With the skeleton, you will start by writing code inside the GetTopVideos
method. Take a look at the protobuf IDL for the request and response:
message GetTopVideosRequest {
uint64 user_id = 1;
// optional limit of the number of results to return
int32 limit = 2;
}
message GetTopVideosResponse {
repeated video_service.VideoInfo videos = 1;
bool stale_response = 2; // For part C
}
In short, GetTopVideos receives a user_id
parameter, and optionally a limit
. It must return a list of videos
to recommend in ranked order (i.e., descending score) and a boolean if the response is fresh (you will implement this boolean in Part C).
The request starts for a given user based on user_id
. You will use the UserService
to fetch the UserInfo
for the starting user---importantly, the other users they subscribe to and the starting user's ranking coefficients.
To communicate with the UserService
you'll need to create a gRPC client. We'll start with the basics, following the Go gRPC guide: https://grpc.io/docs/languages/go/basics/#client
grpc.Dial()
creates a "channel" (in this case, a network stream channel, not a Go built-in chan
) which allows us to communicate with a server. Use this to create a channel to UserService
, which you will use in A3. For the server address, use the server.options.UserServiceAddr
which can be set from options passed to your service "constructor" (i.e., MakeVideoRecServiceServer(options)
). (Note the DefaultVideoRecServiceOptions()
is only there for convenience in tests; your server should use the values in its member variable, i.e., server.options
.)
Note: for this lab, we are not using TLS, but grpc.Dial()
does expect transport credentials:
import "google.golang.org/grpc/credentials/insecure"
...
var opts []grpc.DialOption
opts = append(opts, grpc.WithTransportCredentials(insecure.NewCredentials()))
conn, err := grpc.Dial(address, opts...)
(This is what cmd/frontend/frontend.go
does, for reference.)
Discussion: What networking/socket API(s) do you think Dial
corresponds to or is similar to? (For reference, you can find example socket APIs here or in the slides for Lecture 3.) Include your responses under a heading A1 in discussions.md
.
Many functions in Go can fail, including grpc.Dial()

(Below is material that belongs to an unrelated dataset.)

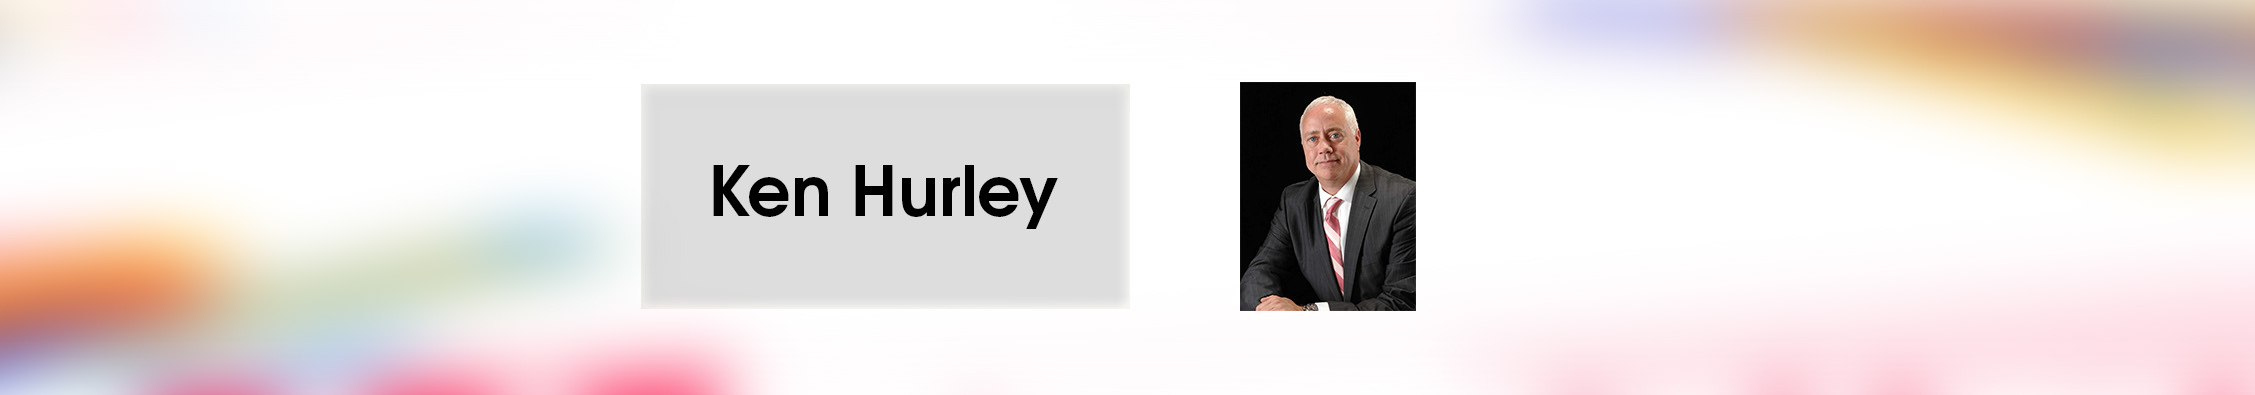 Ken Hurley's profile banner

. Go handles this by having potentially-failing functions return a tuple of (result, err)
with err
being non-nil
if the call failed. If you are unfamiliar with this, check out the Go blog on error handling: https://go.dev/blog/error-handling-and-go
gRPC method handlers follow this standard as well. GetTopVideos
may return an error as part of its return value, which follows the gRPC error conventions: https://www.grpc.io/docs/guides/error/
For all cases where functions you are calling (like Dial()
) fail, you must appropriately handle these errors and not crash the server. Propagate these back to the return value of GetTopVideos
, and use status.Errorf()
to add appropriate error codes and error messages: https://pkg.go.dev/google.golang.org/grpc/status. All errors you return from your handler methods must have an appropriate error code set.
For handling errors, consider also logging them to your output with log.Printf
or similar methods to help yourself debug these cases later.
Client objects also must be closed when you are done with them -- be sure to call conn.Close()
appropriately. The defer
statement may be useful.
Discussion: In what cases do you think Dial()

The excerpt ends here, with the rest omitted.